Exercise: Return the data exactly, without pictures.

Data below:
···
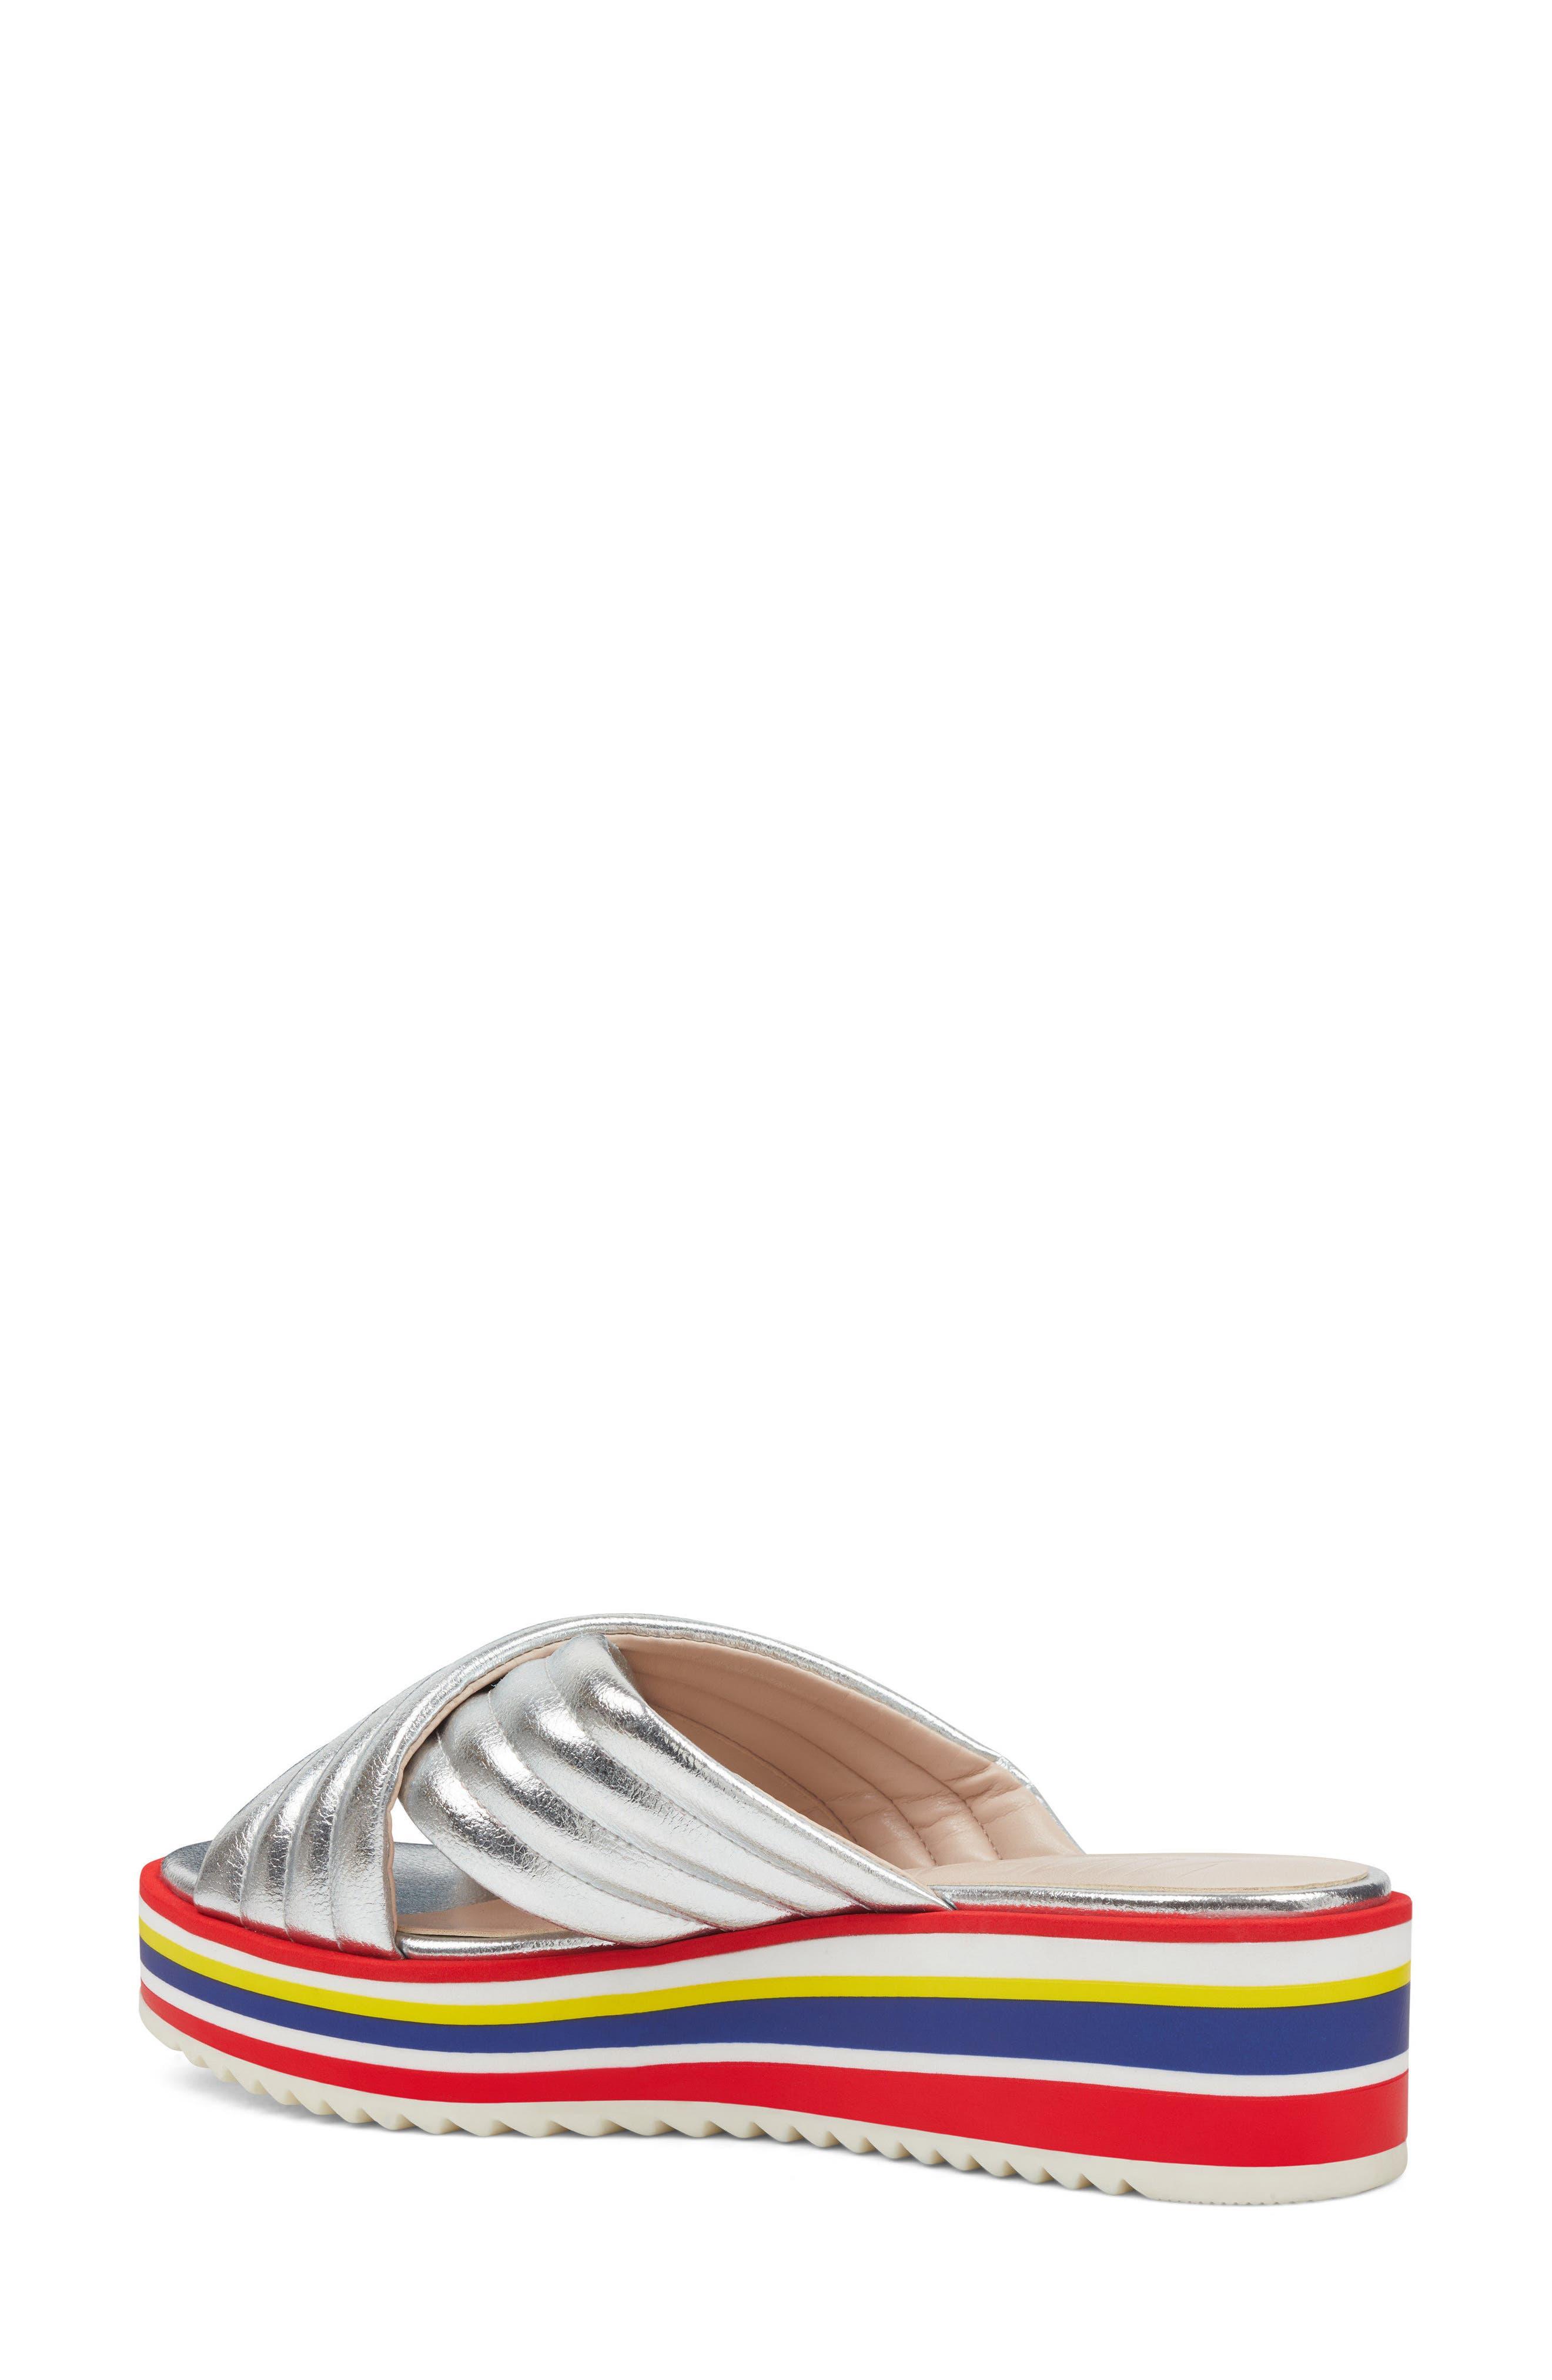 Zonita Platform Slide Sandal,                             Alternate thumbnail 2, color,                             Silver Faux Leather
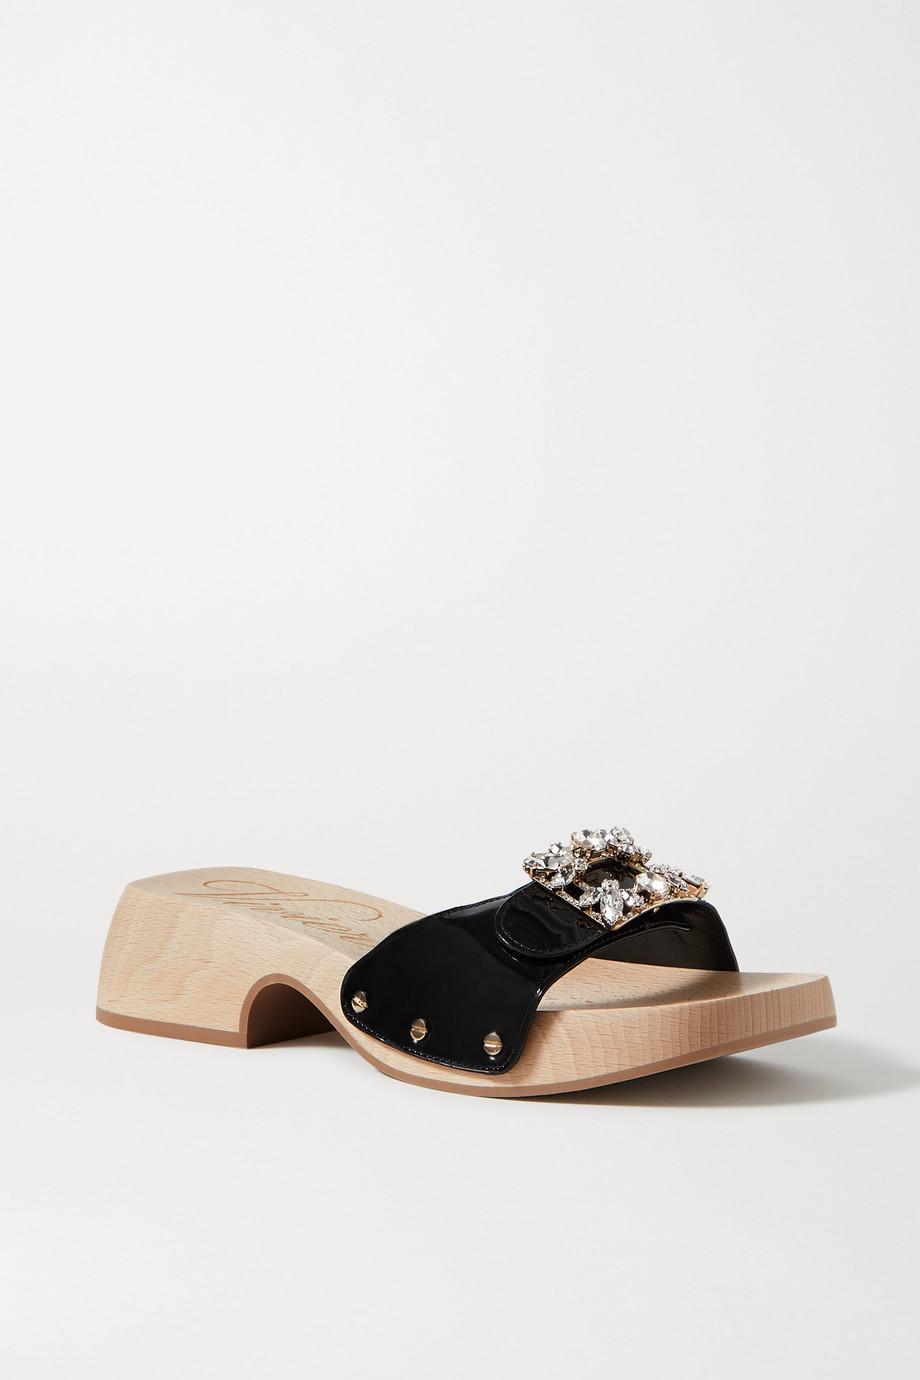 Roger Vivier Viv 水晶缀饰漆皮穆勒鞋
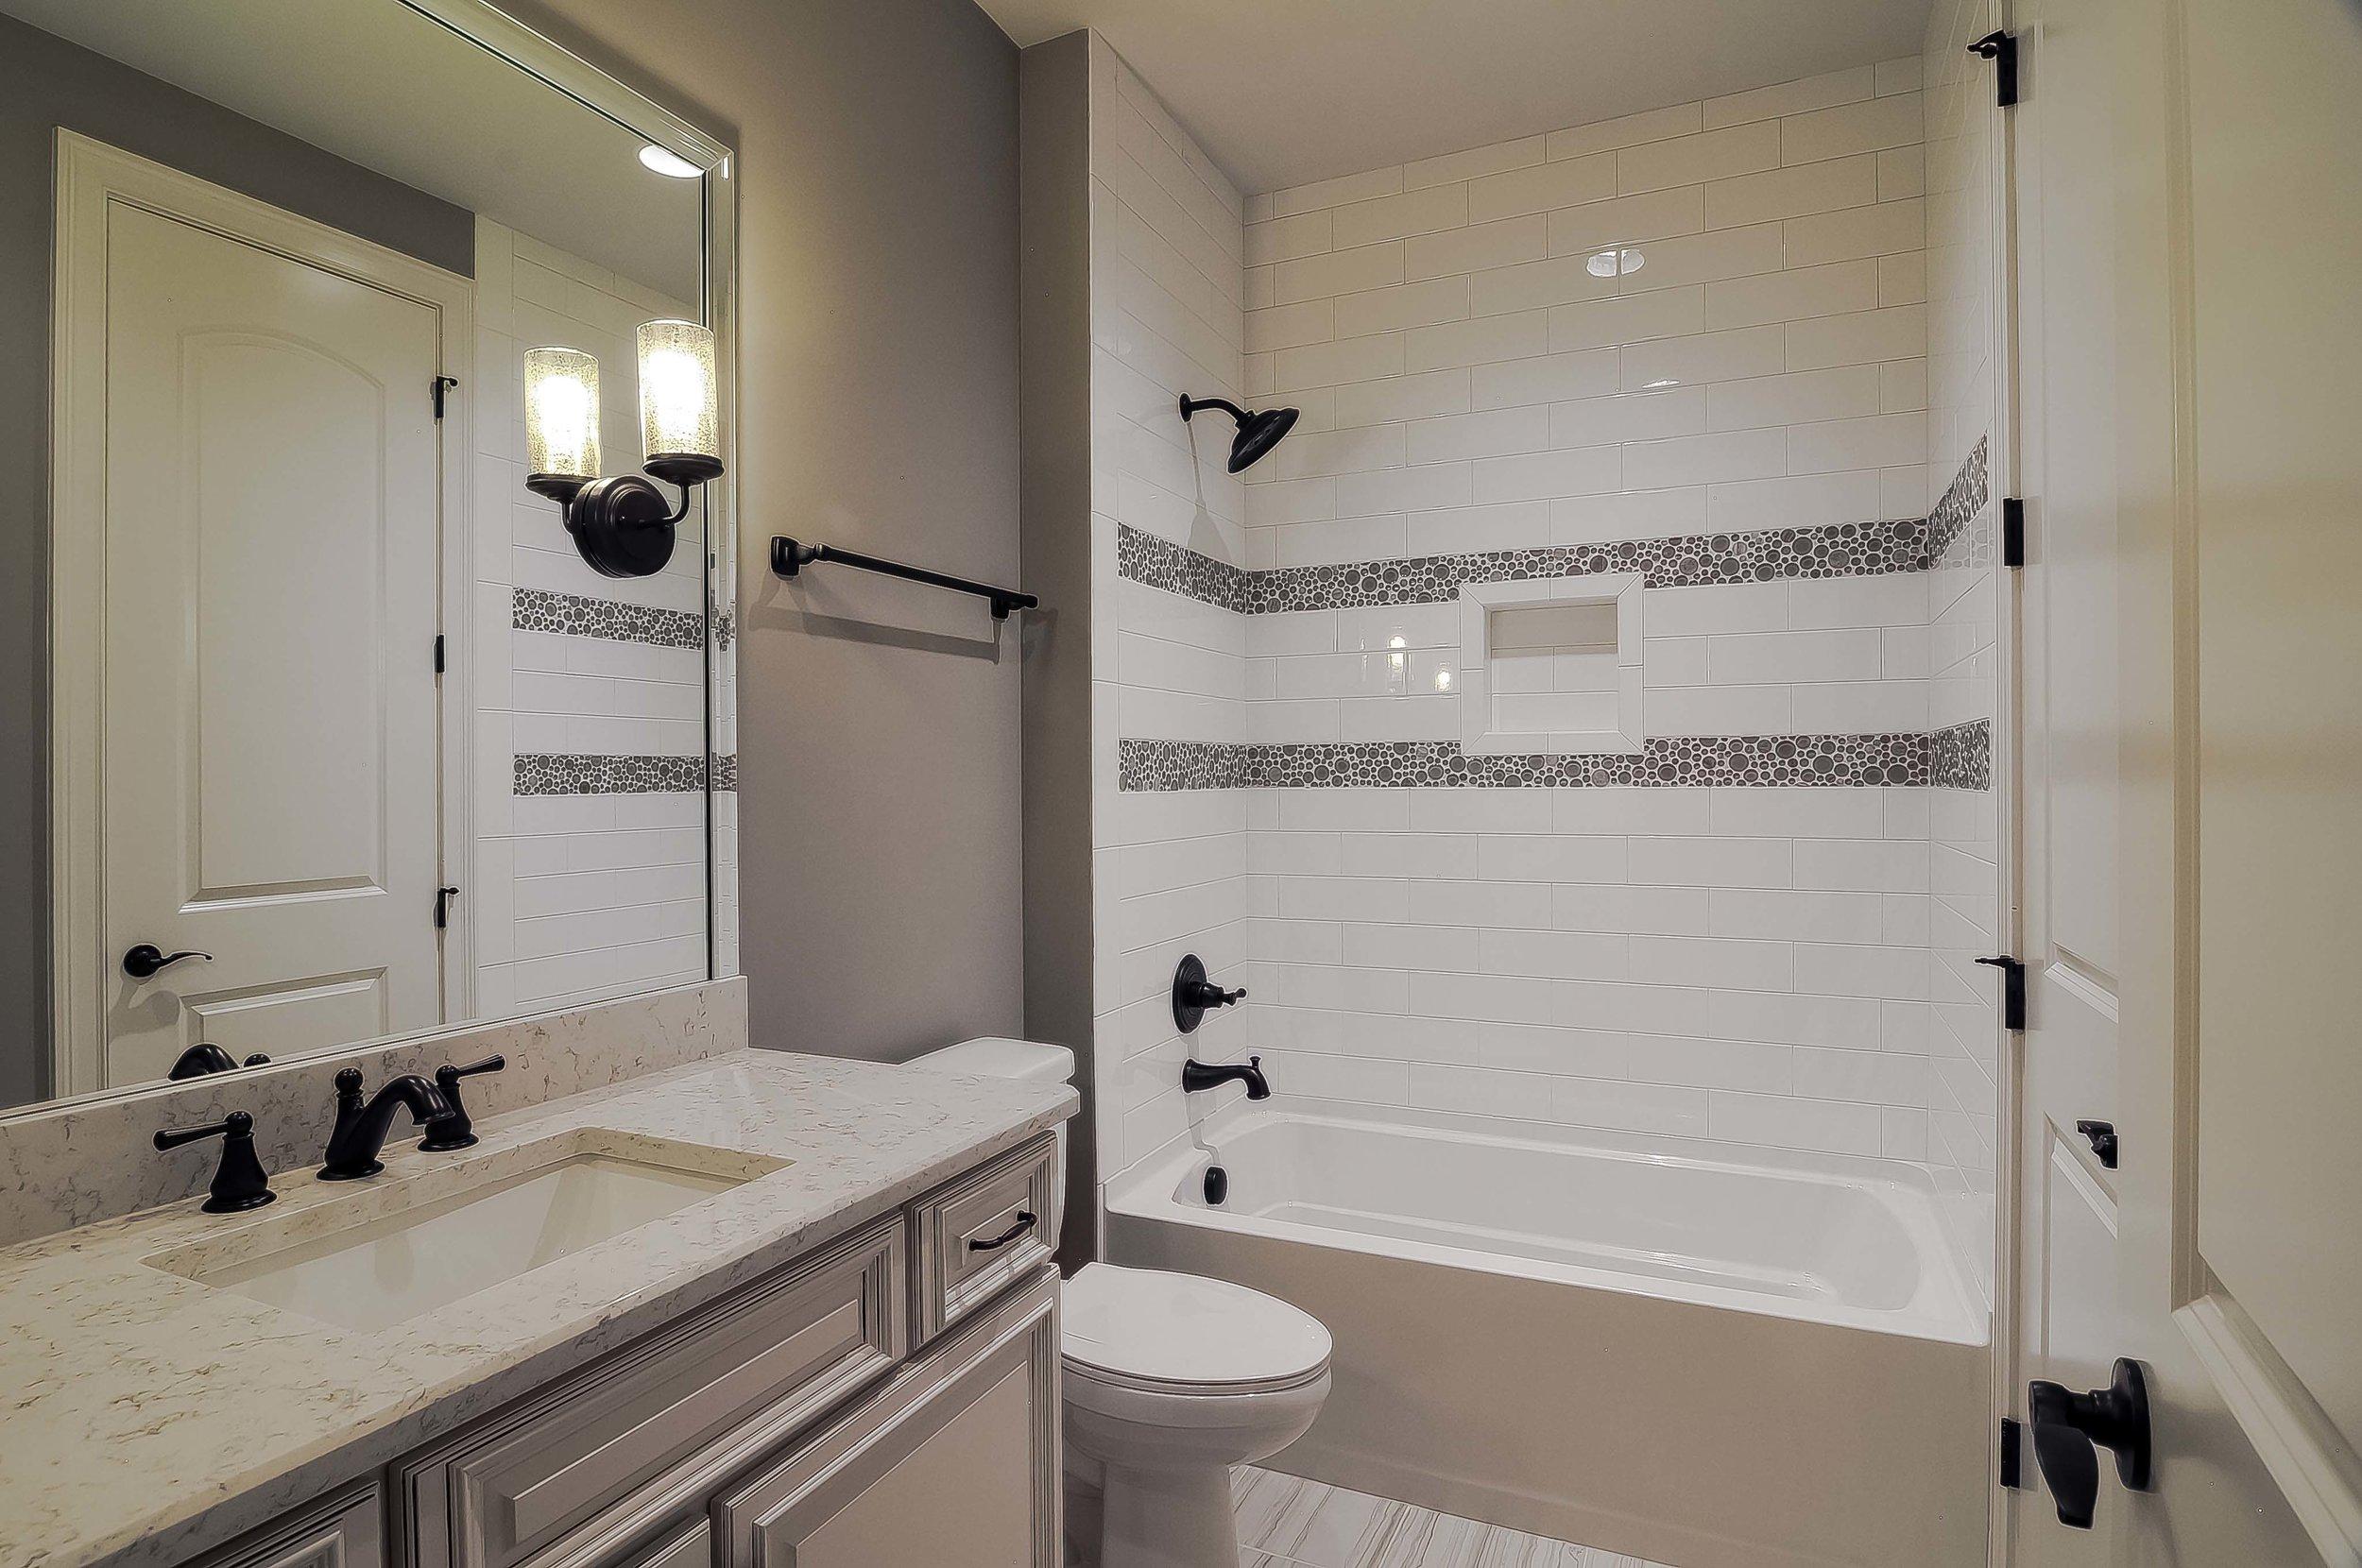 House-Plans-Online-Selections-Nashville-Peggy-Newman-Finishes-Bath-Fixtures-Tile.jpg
···
Problem solution:
 Zonita Platform Slide Sandal,                             Alternate thumbnail 2, color,                             Silver Faux Leather
 Roger Vivier Viv 水晶缀饰漆皮穆勒鞋
 House-Plans-Online-Selections-Nashville-Peggy-Newman-Finishes-Bath-Fixtures-Tile.jpg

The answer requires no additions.